The game is pretty simple. Precision controls your accuracy. Imagine it's like a circle that surrounds the flagstick when you aim at it. The size of that circle is related to the precision rating. The higher the rating the smaller the circle. Your ball can land anywhere in the circle on a dinged shot (left or right, long or short). It will ALWAYS land in the circle on a ding shot, though sometimes it may land in the center of the circle and sometimes it may land on the very outer edge or anywhere in between those two points. When it lands on the outer edge this is what you guys have come to know as "the beast". Was the shot pre-programmed? Does it know you're standing on the 17th hole at Kiawah? No, it's just unfortunate timing. The result you see is the logical spread dictated by the precision rating of the club over 100 or 1,000 or 10,000 shots taken on the site. No matter how big or small the sample it's amazingly consistent because it is after all only a simple mathematical formula. The shot data is spread out amongst all users, so there will be times when you run into a lot of "edge cases" (aka deviations, aka outside edge of the precision circle) and times where you seemingly can't miss the center (even when you mishit). This is the ebb and flow of the game and it's always been there. In the short term you will have "bad" days and "good" days. In the long term (providing they are using the same clubs) any one player will see the same amount of "edge cases" or "deviations" that the rest of the players do.
And that's all there is to it! The other theories can be put to bed. There's no behind the scenes tweaking, no changing club attributes based on skill and no hidden mechanism that knows when you're on a water hole. It's just a formula that runs exactly the same for every single shot and it has no idea (nor does it care) where you are on the course.
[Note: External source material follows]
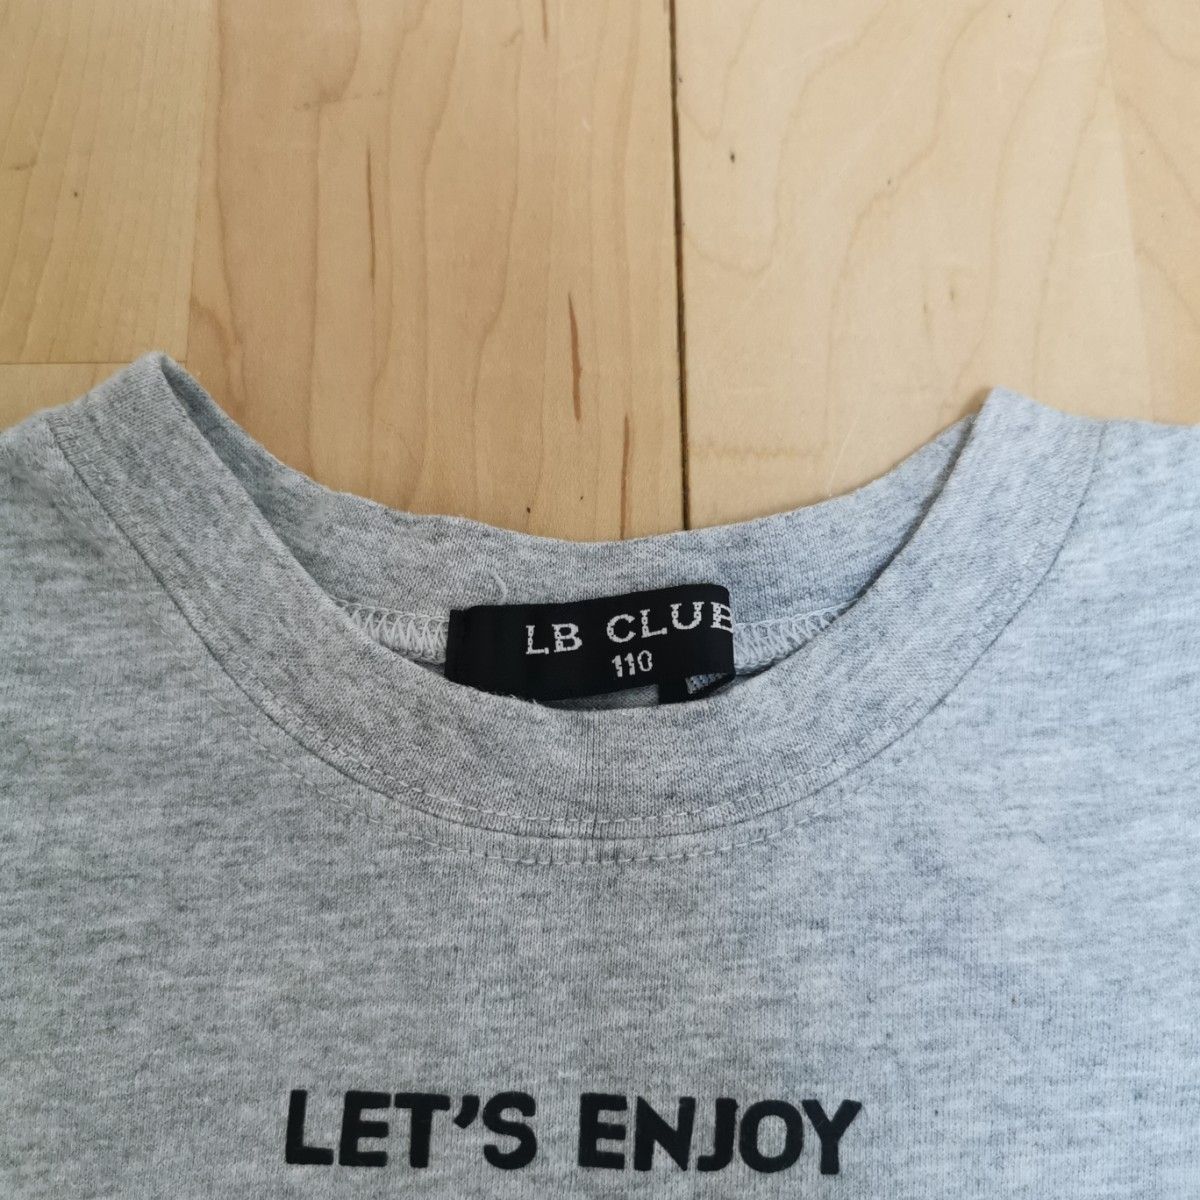 LB CLUB 丸高衣料 Tシャツ  110 120 2枚セット

It doesn't matter if it's the first tee shot on #1 or the winning 10-foot putt in the USGA Virtual Championship. The formula runs the exact same calculation every single time and you're always at risk for an "edge case". How far away an "edge case" can take you depends solely on your precision rating for that club. The higher the precision rating (and conversely the more lofted the iron) the less "edge cases" will take you away from where you aimed.
Course releases have ZERO affect on your clubs. When a course is released it's just assets, hole maps, minimaps, HD photos and stuff that has absolutely no affect on your clubs. Us adding a JPG picture file (or 100,000 of them) does not change the way your approach shot on Kiawah #2 interacts with the green. Each course has it's own settings and each course comes with it's own set of "surfaces". If you go into Oakmont expecting your clubs to interact the same way they do on Kiawah then you've already made your first mistake. Every course has it's own nuances right down to how the ball is affected by elevation and break and you'll have to figure that out with practice. While adjusting to those nuances you may forget the nuances you learned on the older courses and get stuck in between your adjustments. That happens to me too. A new course comes out and suddenly I can't make a putt on Kiawah because I've spent so much time learning how to play the new breaks on Oakmont. As a result I end up over-playing breaks on everything for a short time while I adjust.
Hope that clears some of this confusion up. You fellas certainly come up with some wild ideas, but it's no where near as complicated or convoluted as some of you seem to think it is. Remember, keep it simple because it really is simple.